I think rather than use a scratchpad location to save
HL into I just swapped
it with the top of the stack, which would give you HL pointing to the first
byte beyond the call, though it's been several years since I worked on this
and my recollection is a bit more than fuzzy about the whole thing.
You can but if you need HL to do 16bit arithmetic of some such you may
have to save it. I've done code that passed variable length parameters on
the stack but after 3 maybe 5 bytes you have to start storing something
somehwere. Even Z80 has a finite number of registers.
Interrupt driven, has some basic terminal sense (vt100 specific)
and uses IObyte.
Sounds worth looking at, is it out there anywhere?
Never looked but whole VT180s are findable.
(Snip)
Thats a lot of available CPU cycles. the biggest areas
of change is that
modem programs werent pausing for disk IO, they could fill a big (say
16k) circular buffer and the cpu can be processing interrupts for IO and
disk to manage transfers rather than doing a lot of waiting in loops. It
doesn't take a lot more code but the complexity and debugging is greater
due to the near concurrent activities.
One of the real problems I had with early BBSing was the fact that I was
using a CP/M box and that had only a lmiited buffer in the modem program
(probably MDM740 at first, IMP a bit later I think), while the guy at
the other end had a newer and higher-speed modem that had several K of
buffer in it that it would continue to empty after my end had asked it to
hold on a minute...
In many cases no buffer. it was more like the other end would stop but by
time you told it to your 1 byte maybe 2 buffer overflowed.

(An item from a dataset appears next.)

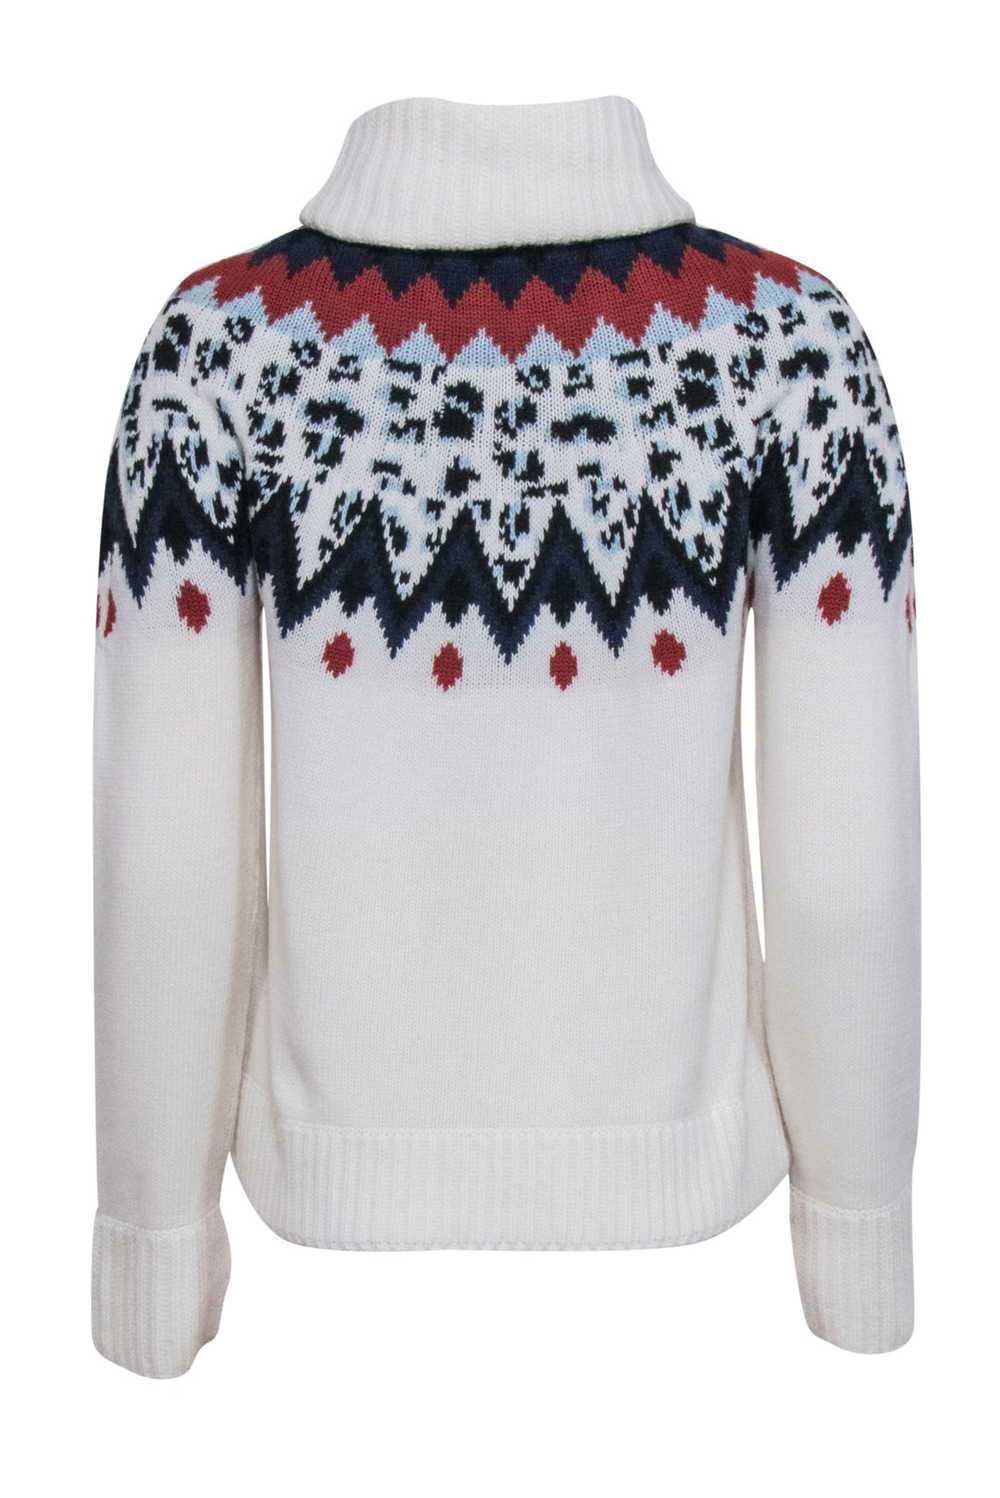 Veronica Beard - Ivory Turtleneck Sweater Sz M - image 3

I could be mistaken but I think those early comm programs had something like
128 or 256 bytes of buffer in them. Which was like nothing when the
higher-speed modem on the other end had several K...
Makes little differnce as the reall pain is when you have to hit the
disk be floppy or hard, most systems the CPU is totoally involved
in doing PIO for the disk transfer(expecially floppy) and the rest
of the world is left to hang. You have to stop the transfer prior
to going to the disk. Many cases that doesnt work well.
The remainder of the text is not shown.